Update. Dzisiaj auto padlo w drodze,brak ladowania ale lampka ladowania podczas jazdy nie swiecila.Nie swiecila takze przy wlaczonym samym zaplonie.Rozladowal sie aku i stanolem,wtf?

 

 

 

Sprawdź napięcie paska klinowago na alternator(powinien się ugiąć w największym rozstawie między rolkami max ok.10mm), potem napięcie na klemach podczas wyłączonego zapłonu. Powinno być około 12,5V. Możliwe że regulator napięcia ci też nawalił.

 

Pozdrawiam

Odnośnik do komentarza
Udostępnij na innych stronach

Naładuj akumulator, odpal samochód i sprawdź napięcie na klemach akumulatora. Powinno oscylować na odpalonym silniku od 13.7-14.4V. Jeśli jest mniejsze niż 13V sprawdź masę i resztę kabli. Jeśli masowanie jest OK alternator do remontu(wymiany)

Odnośnik do komentarza
Udostępnij na innych stronach

Gość Majki_Wawa

Udalo sie juz naprawic.Napiecie na akumulatorze przy wlaczonym silniku bylo troche ponad 12v.Posprawdzalem tez kabelki.W koncu wymontowalem alternator.Okazalo sie ze wysypal sie regulator napiecia,wiec go wymienilem.Asekuracyjnie podmienilem tez na nowy komutator oraz lozysko.Teraz jest cacy :)

Odnośnik do komentarza
Udostępnij na innych stronach

Czyli alternator nie ładował wcale. Ponad 12V powinien mieć sam aku. A diody a konkretnie mostek prostowniczy sprawdziłeś?? Jak się posypią diody to na 99% idzie regulator, jak się posypie regulator bywa, że idą też diody.
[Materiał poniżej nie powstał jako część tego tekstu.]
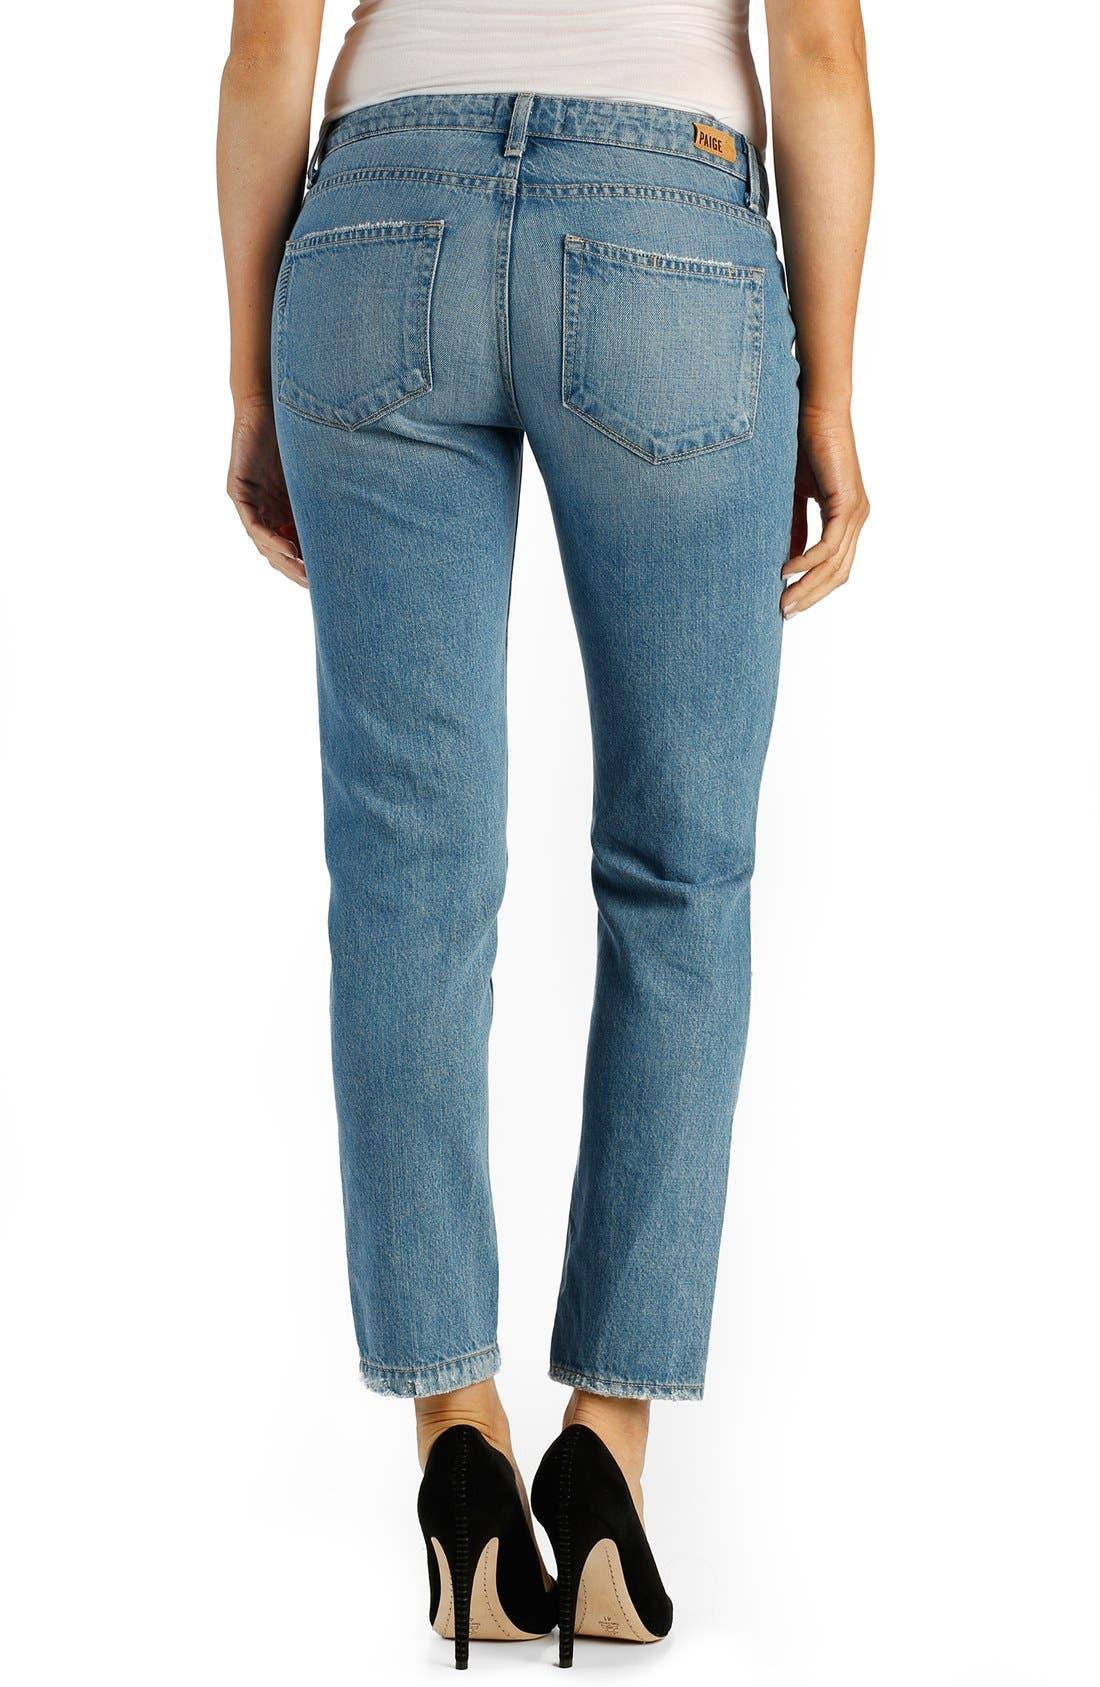 Denim 'Jimmy Jimmy' Ankle Boyfriend Skinny Jeans,                             Alternate thumbnail 2, color,                             400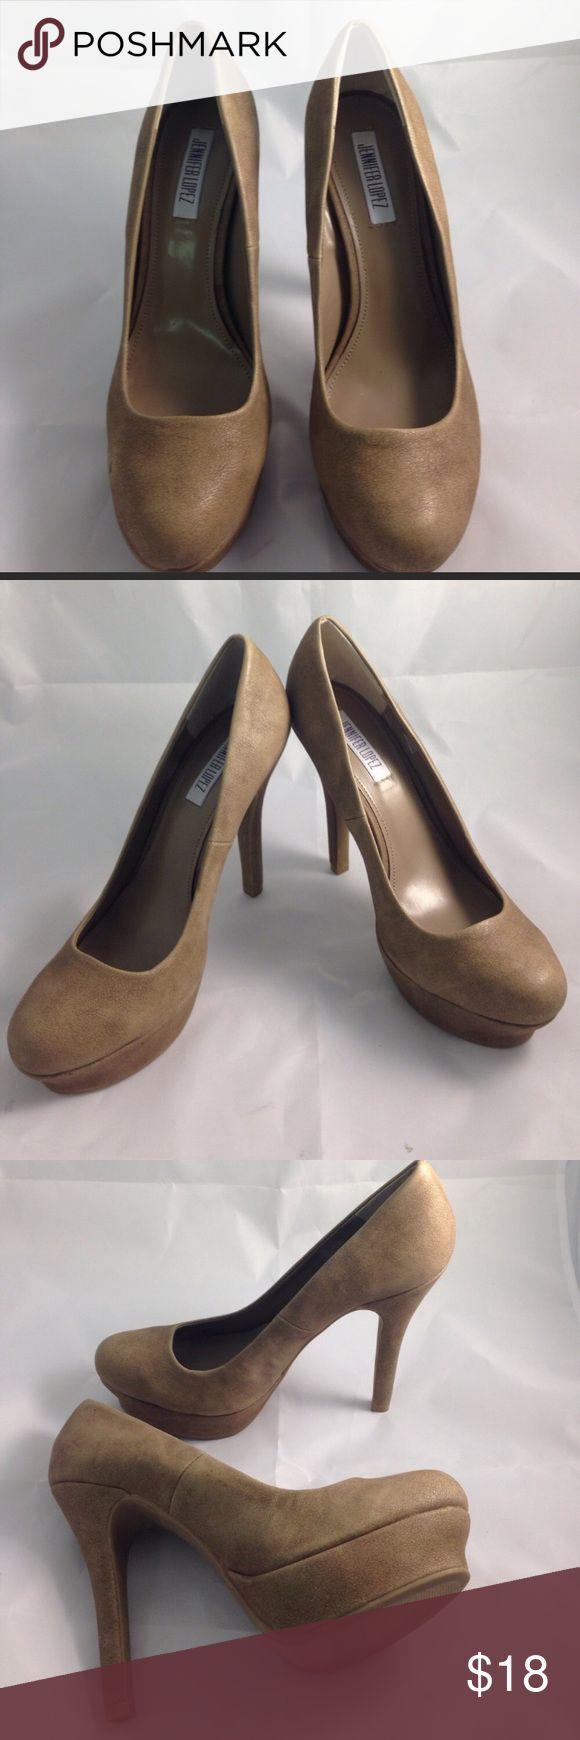 Jennifer Lopez platform heels size 10 Good condition Jennifer Lopez Shoes Platforms

Objawów możesz od razu nie zauważyć jeśli pójdzie jedna dioda bo pozostałe będą pracować. Ale zużyją się wcześniej jeśli będą nadrabiały zaległości za uwaloną diodę.

Odnośnik do komentarza
Udostępnij na innych stronach

  • 4 tygodnie później...
Gość Majki_Wawa

No i mam kolejny problem.Wszystko bylo ok od naprawy.Kilka dni temu zauwazylem jednak ze oswietlenie w aucie mruga gdy chodzi silnik,spowodowalo juz to przepalenie sie dwoch zarowek od swiatwl mijania. Blyskanie swiatel jest widoczne golym okiem i nie wiem co jest grane :(

 

update.Zarowki znow padly obie na raz.Zaraz po odpaleniu samochodu.Pomrugalo cale oswietlenie i zarowki szlag trafil.Przejechalem dluzszy kawalek i mruganie sie zmniejszylo,lecz nadsl bylo.Pojechalem do elektryka,zmierzyl ladowanie na aku,wyszlo 13,9 V.Nie wahalo sie.Wrocilem do domu i pod blokiem znow zaczeli mrugac swiatlo,nawet radio sie wylaczylo:(.Nie wiem co jest juz grane :(.Czy winny moze byc akumulator?alternator?zwarcie jakies?ewidentnie mam skoki napiecia i to calkiem spore,bo wywala zarowki mijania.Pomozcie

Odnośnik do komentarza
Udostępnij na innych stronach

  • 2 miesiące temu...
  • 2 tygodnie później...
Gość marian76-76

Czy może udało się rozwiązac problem?

Pytam, bo mam podobny problem.

POWIEM KRÓTKO ZA TO ODPOWIADA REGLER CZYLI REGULATOR NAPIĘCIA ,CZĘSTO SZCZOTKI NIE STYKAJĄ SIE TO NIE MA ŁADOWANIA LUB PRZEPALAJĄ SIĘ DIODY PROSTOWNICZE I SĄ SKOKI NAPIĘCIA NARKA!!

Odnośnik do komentarza
Udostępnij na innych stronach

Zarchiwizowany

Ten temat przebywa obecnie w archiwum. Dodawanie nowych odpowiedzi zostało zablokowane.

×
×
  • Dodaj nową pozycję...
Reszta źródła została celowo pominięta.